With data A And b function takes the smallest value. The proof of this fact is given.

That's the whole method of least squares. Formula for finding the parameter a contains the sums , , , and the parameter n- amount of experimental data. The values of these sums are recommended to be calculated separately. Coefficient b found after calculation a.

It's time to remember the original example.

Solution.

In our example n=5. We fill in the table for the convenience of calculating the amounts that are included in the formulas of the required coefficients.

The values in the fourth row of the table are obtained by multiplying the values of the 2nd row by the values of the 3rd row for each number i.

The values in the fifth row of the table are obtained by squaring the values of the 2nd row for each number i.

The values of the last column of the table are the sums of the values across the rows.

We use the formulas of the least squares method to find the coefficients A And b. We substitute in them the corresponding values from the last column of the table:

Hence, y=0.165x+2.184 is the desired approximating straight line.

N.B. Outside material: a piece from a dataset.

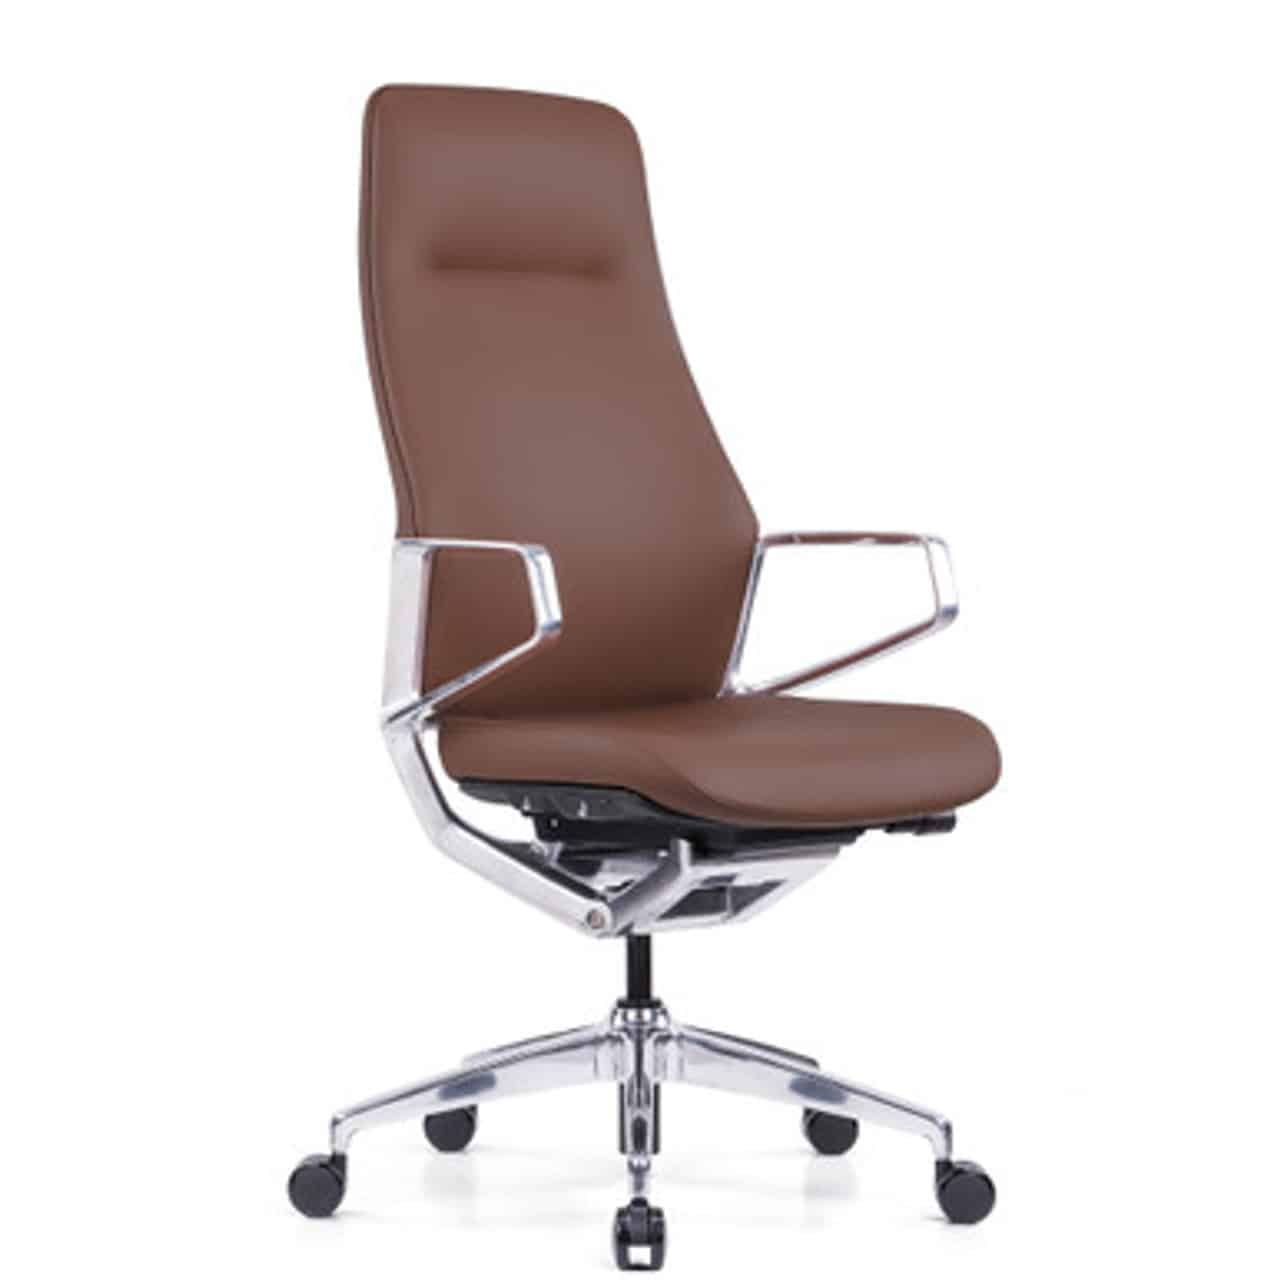 brown veneto office chair high back modern

It remains to find out which of the lines y=0.165x+2.184 or better approximates the original data, i.e. to make an estimate using the least squares method.

Estimation of the error of the method of least squares.

To do this, you need to calculate the sums of squared deviations of the original data from these lines And , a smaller value corresponds to a line that better approximates the original data in terms of the least squares method.

Since , then the line y=0.165x+2.184 approximates the original data better.

Graphic illustration of the least squares method (LSM).

Everything looks great on the charts. The red line is the found line y=0.165x+2.184, the blue line is , the pink dots are the original data.

What is it for, what are all these approximations for?

I personally use to solve data smoothing problems, interpolation and extrapolation problems (in the original example, you could be asked to find the value of the observed value y at x=3 or when x=6 according to the MNC method). But we will talk more about this later in another section of the site.

Proof.

So that when found A And b function takes the smallest value, it is necessary that at this point the matrix of the quadratic form of the second-order differential for the function was positive definite. Let's show it.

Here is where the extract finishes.